*Data excerpt*.
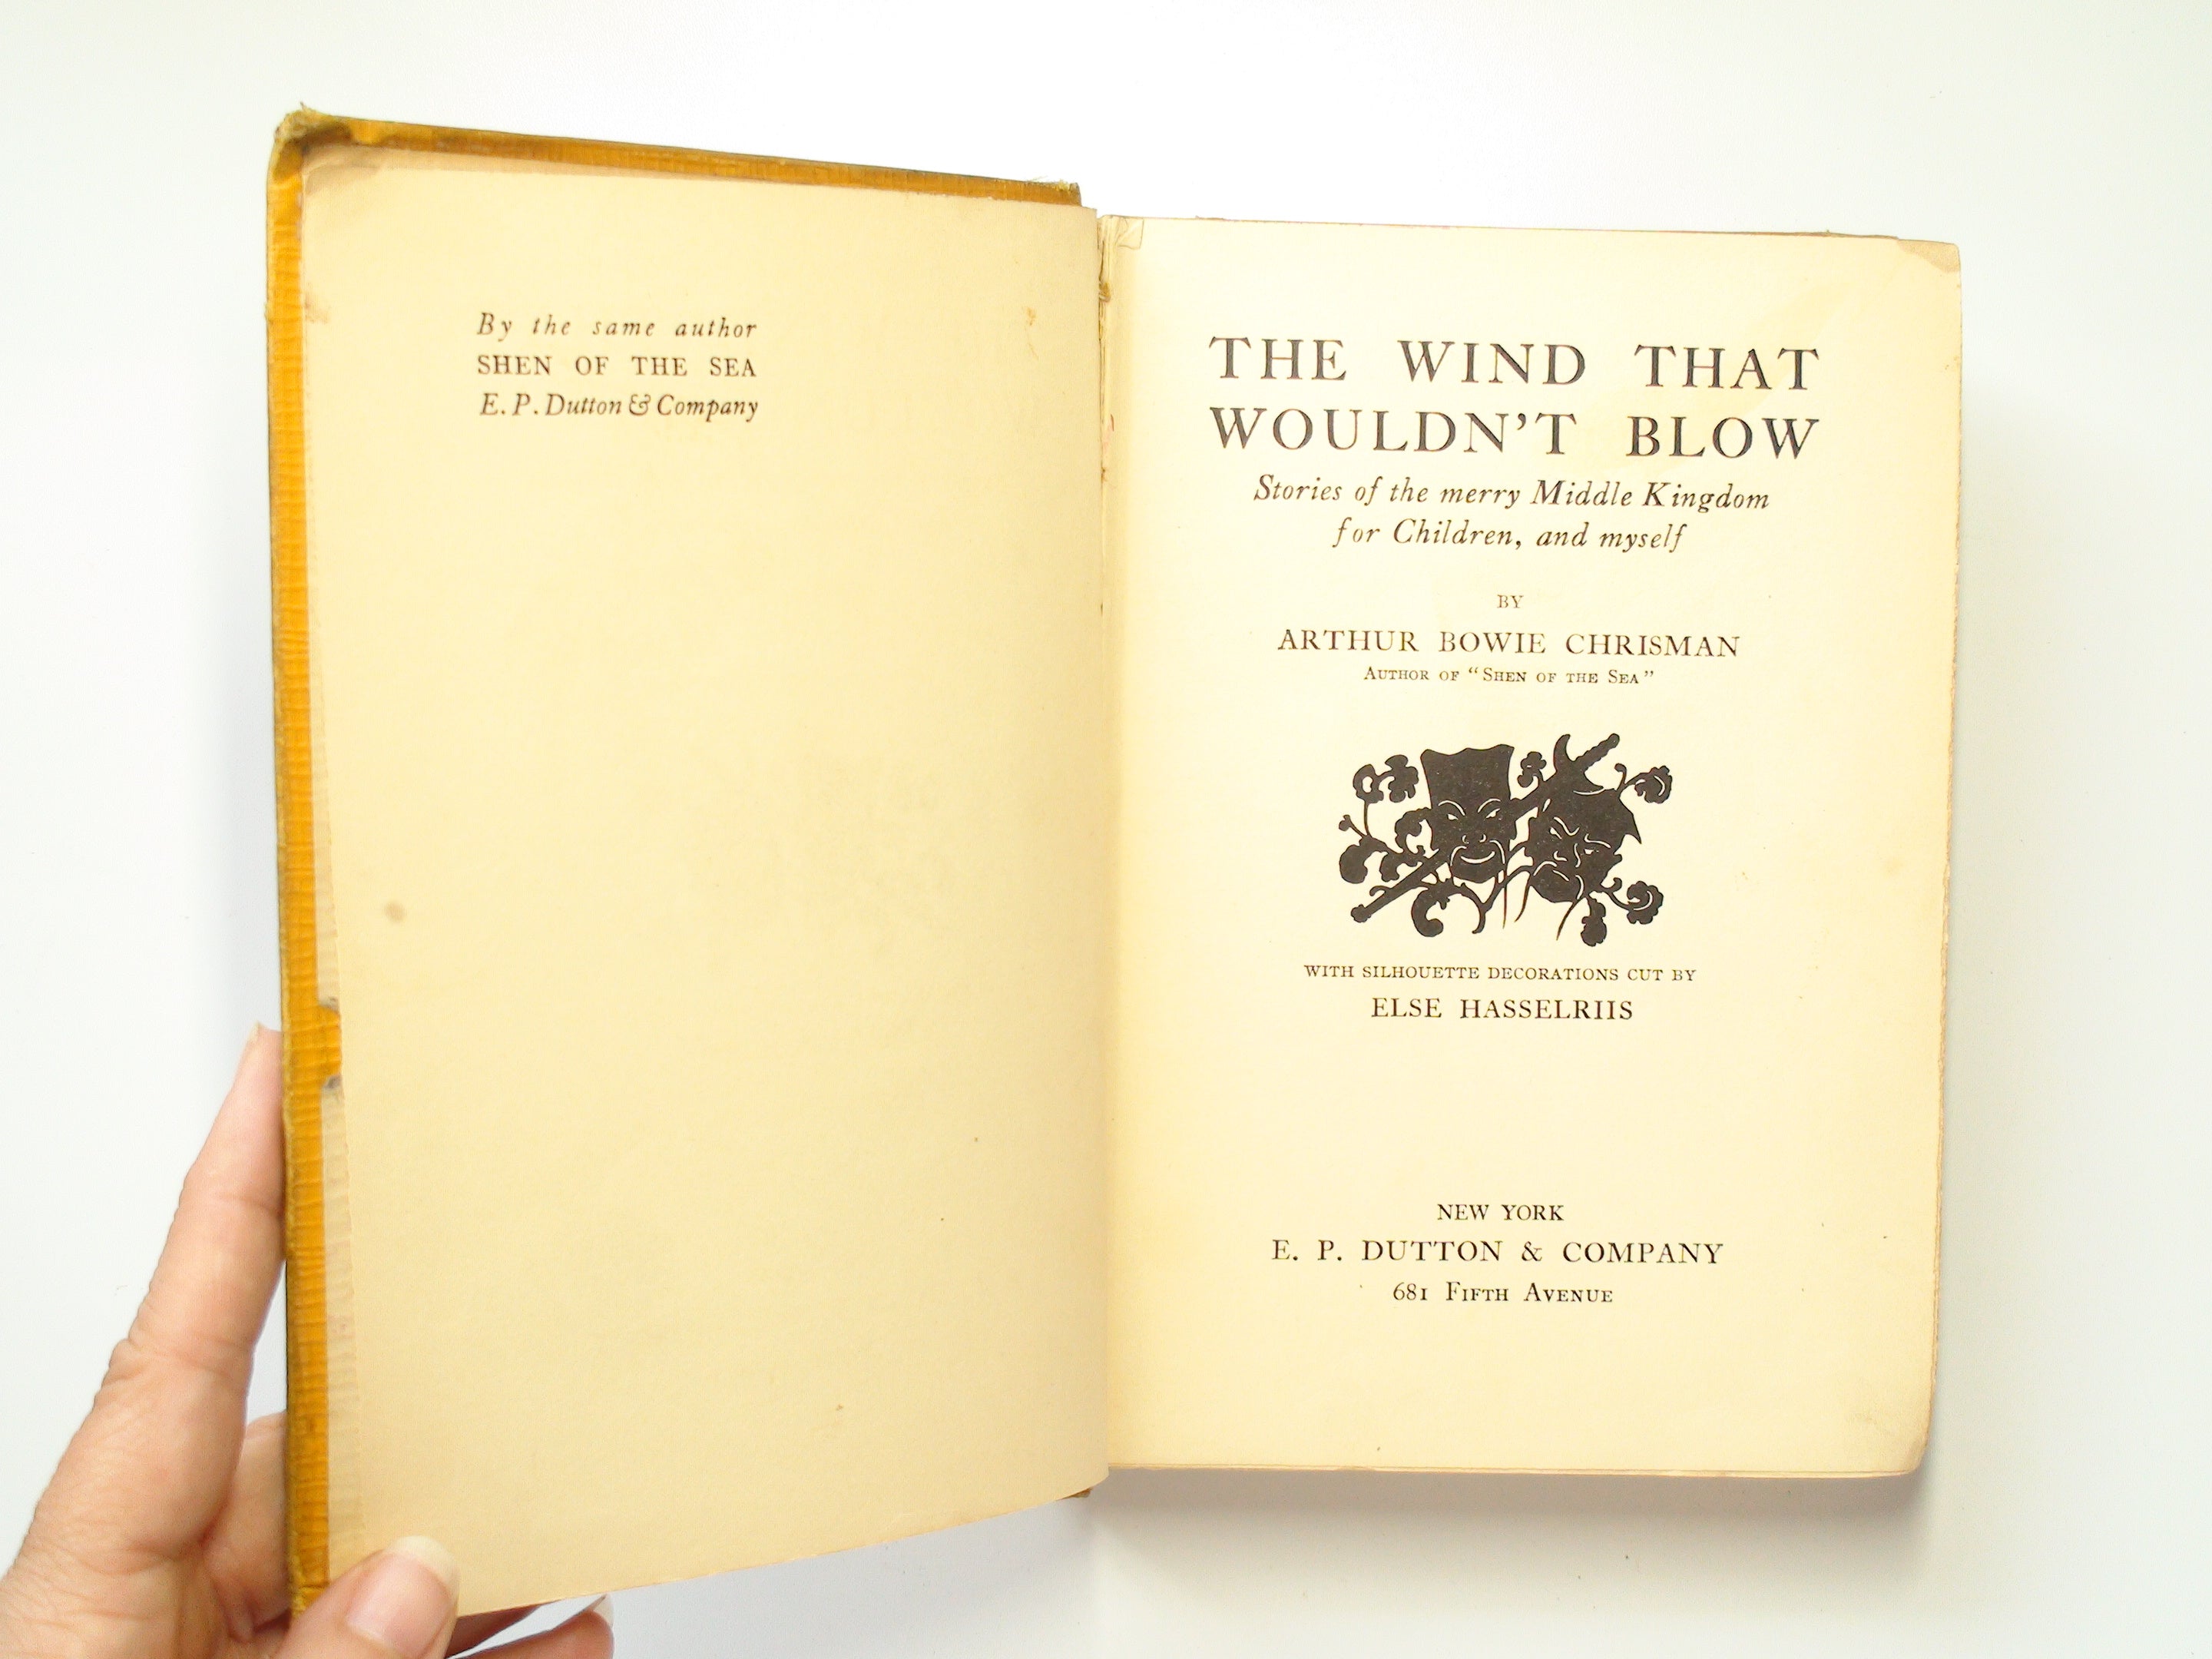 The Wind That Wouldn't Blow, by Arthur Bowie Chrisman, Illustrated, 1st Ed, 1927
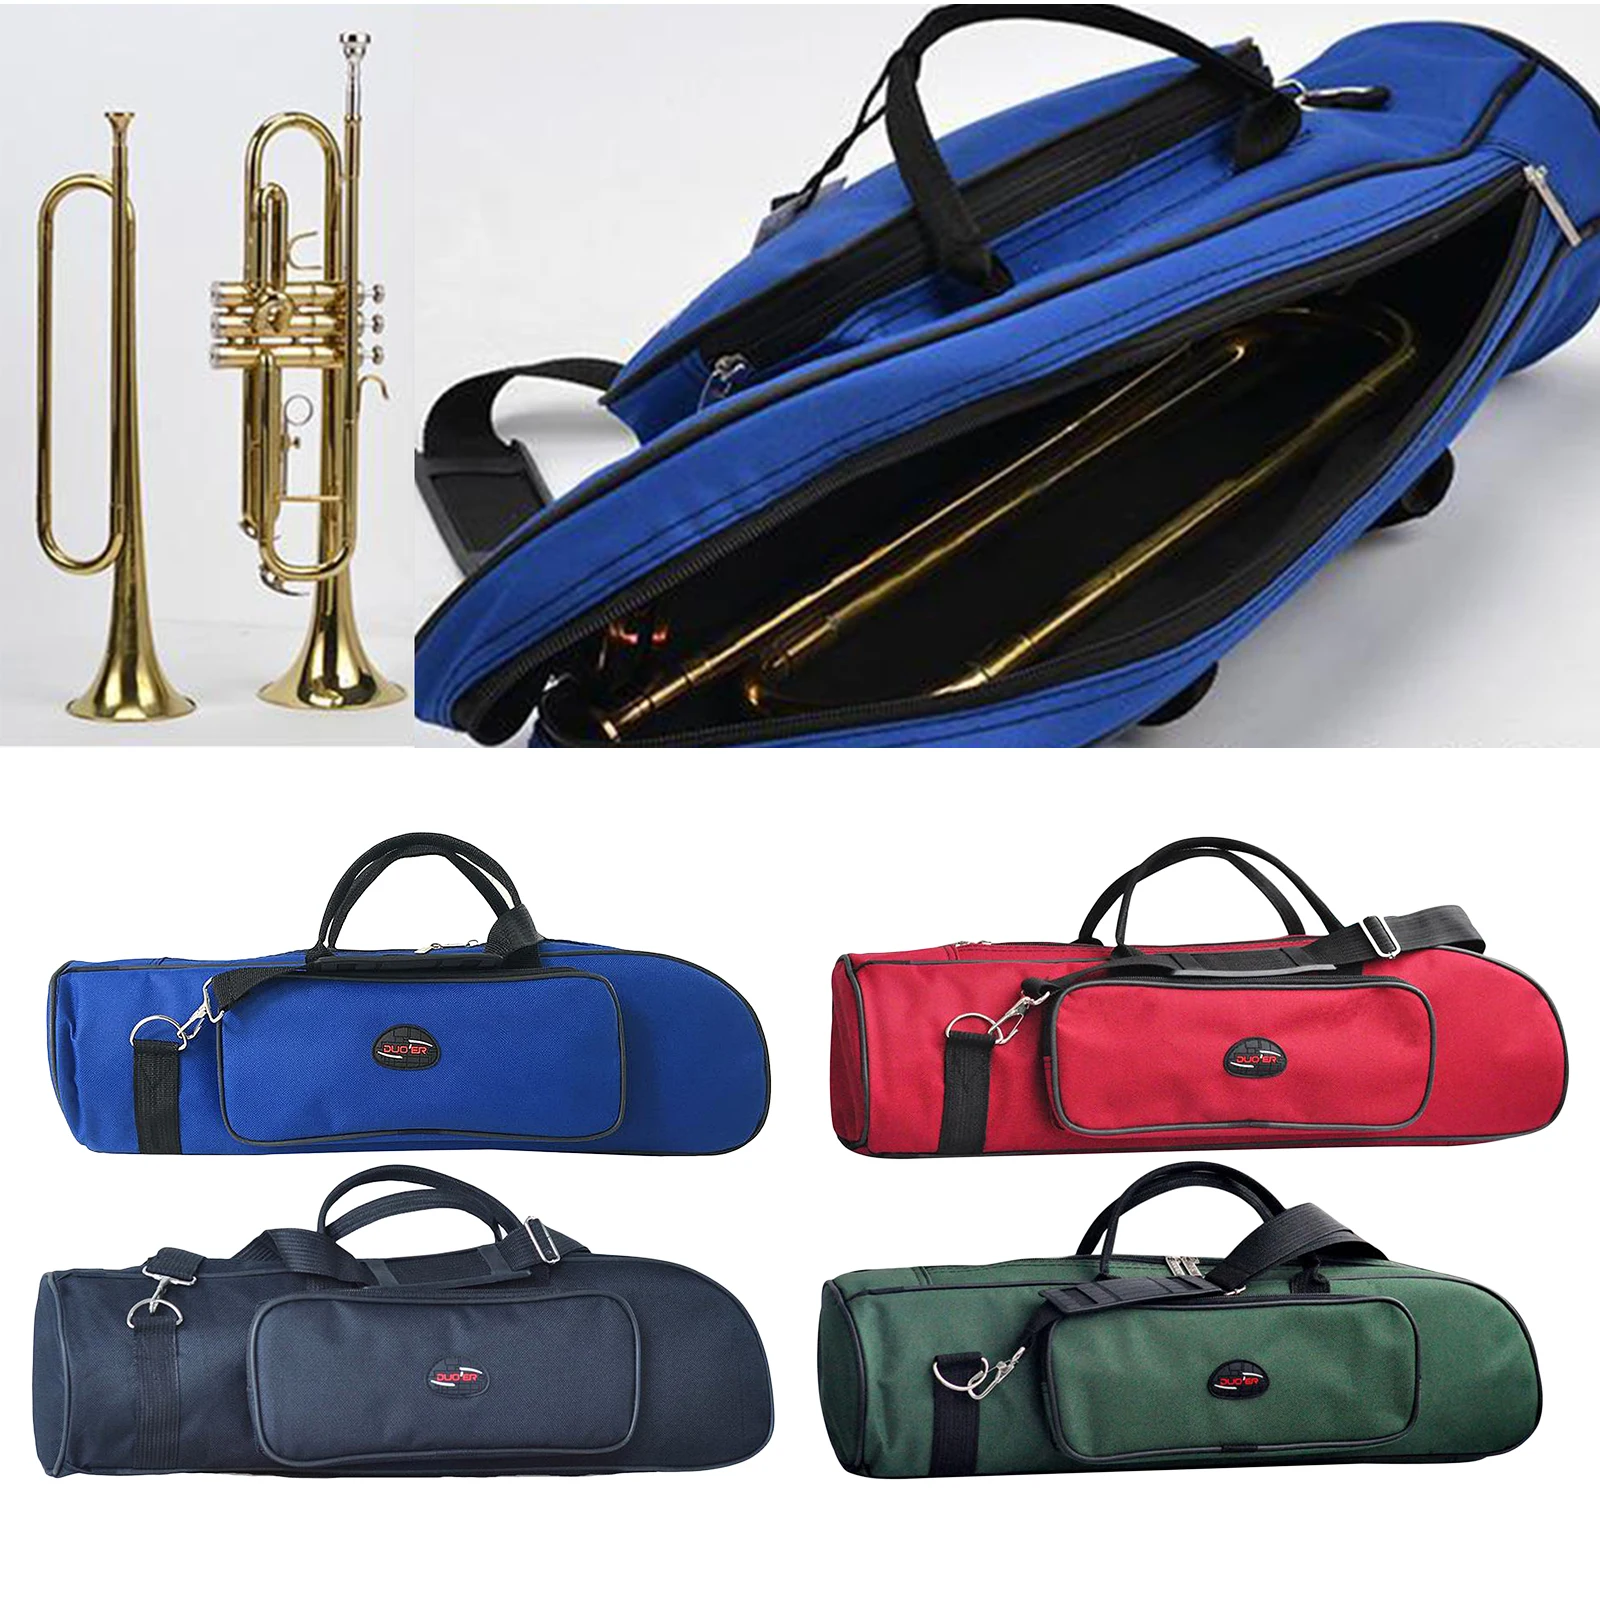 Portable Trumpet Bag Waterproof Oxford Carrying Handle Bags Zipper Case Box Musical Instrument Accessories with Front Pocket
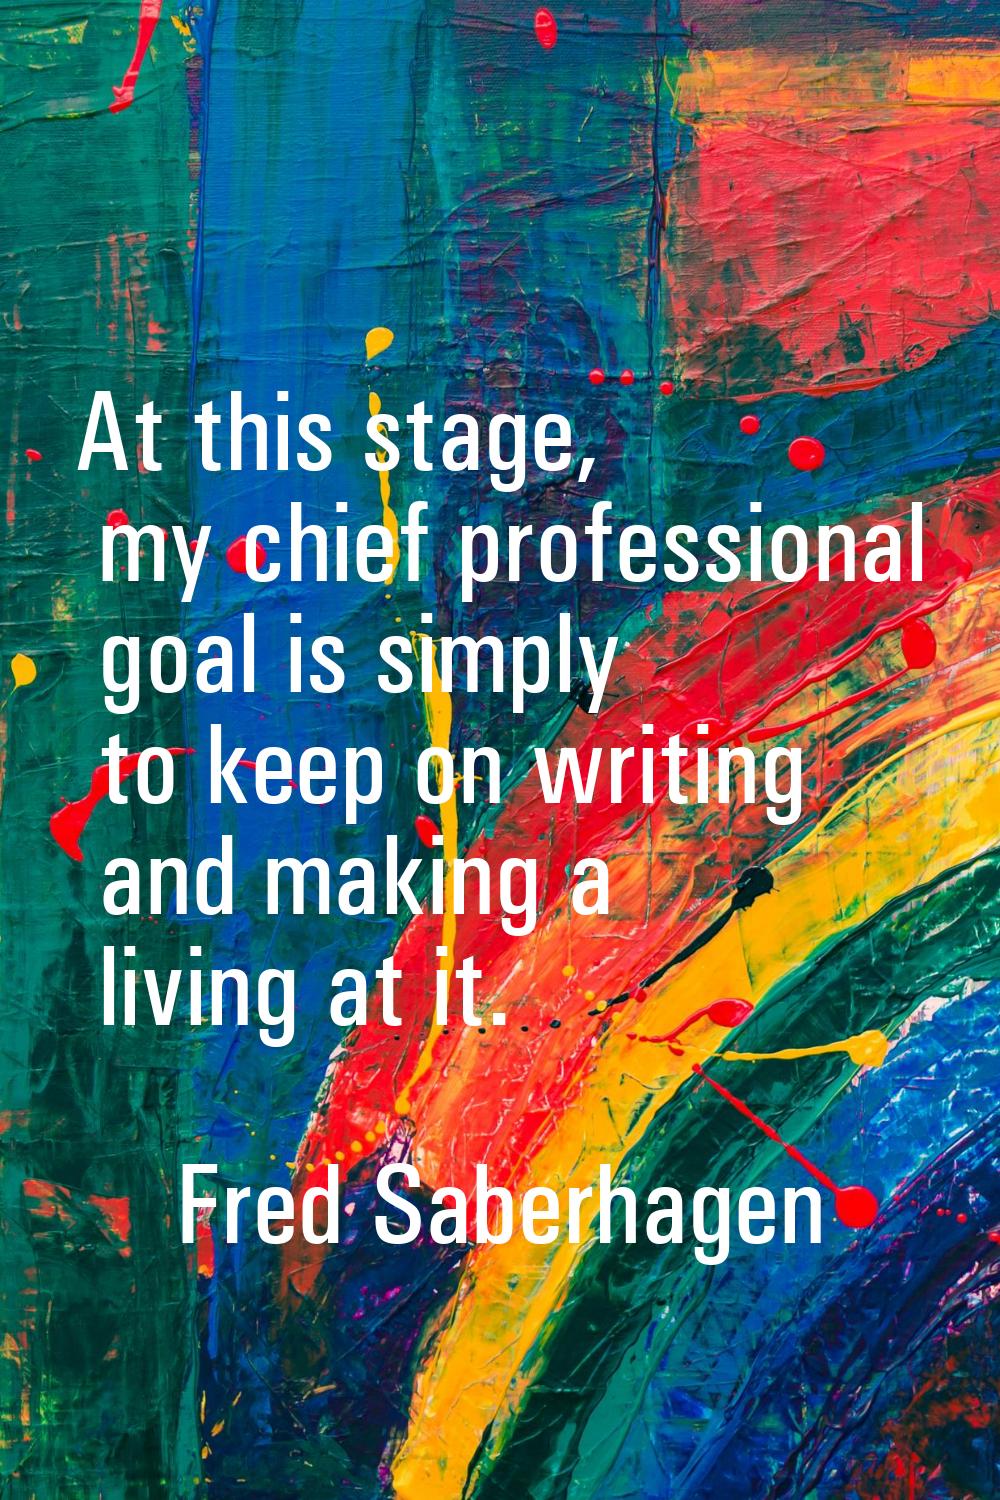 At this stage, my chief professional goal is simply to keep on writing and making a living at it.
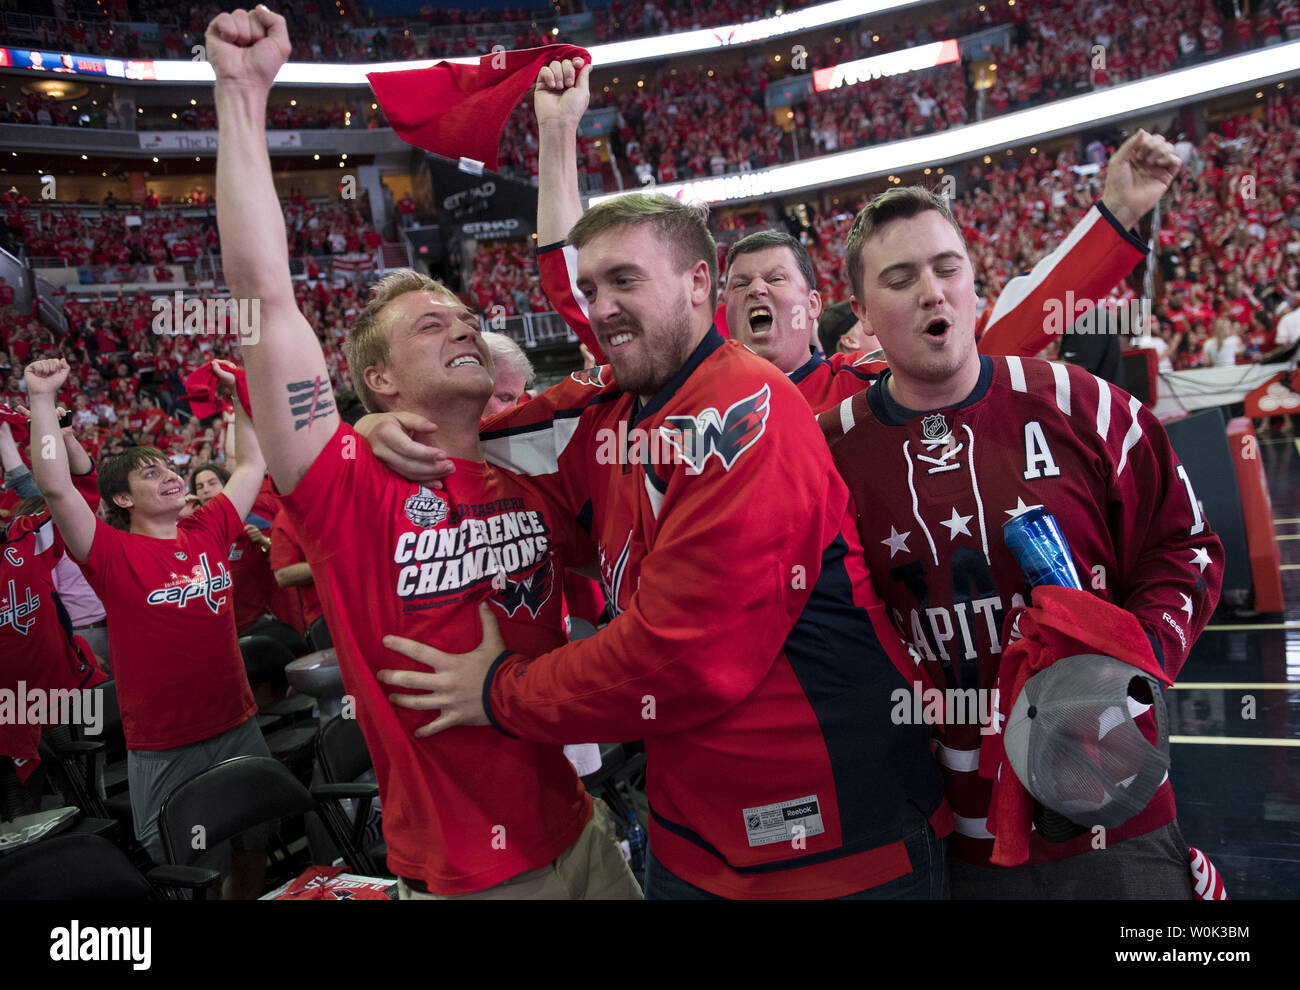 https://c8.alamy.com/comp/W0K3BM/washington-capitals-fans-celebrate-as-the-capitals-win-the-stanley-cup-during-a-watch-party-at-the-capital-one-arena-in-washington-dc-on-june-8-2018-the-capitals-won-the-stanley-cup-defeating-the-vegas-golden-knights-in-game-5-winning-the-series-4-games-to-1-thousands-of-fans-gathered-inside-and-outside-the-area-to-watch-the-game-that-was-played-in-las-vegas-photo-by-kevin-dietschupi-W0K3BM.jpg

*What is required*. Output only the lines from the line that contains "Portable Trumpet Bag" through the end of the material, both ends included, and skip every picture.

*Finished exercise*.
 Portable Trumpet Bag Waterproof Oxford Carrying Handle Bags Zipper Case Box Musical Instrument Accessories with Front Pocket
 At this stage, my chief professional goal is simply to keep on writing and making a living at it.
 https://c8.alamy.com/comp/W0K3BM/washington-capitals-fans-celebrate-as-the-capitals-win-the-stanley-cup-during-a-watch-party-at-the-capital-one-arena-in-washington-dc-on-june-8-2018-the-capitals-won-the-stanley-cup-defeating-the-vegas-golden-knights-in-game-5-winning-the-series-4-games-to-1-thousands-of-fans-gathered-inside-and-outside-the-area-to-watch-the-game-that-was-played-in-las-vegas-photo-by-kevin-dietschupi-W0K3BM.jpg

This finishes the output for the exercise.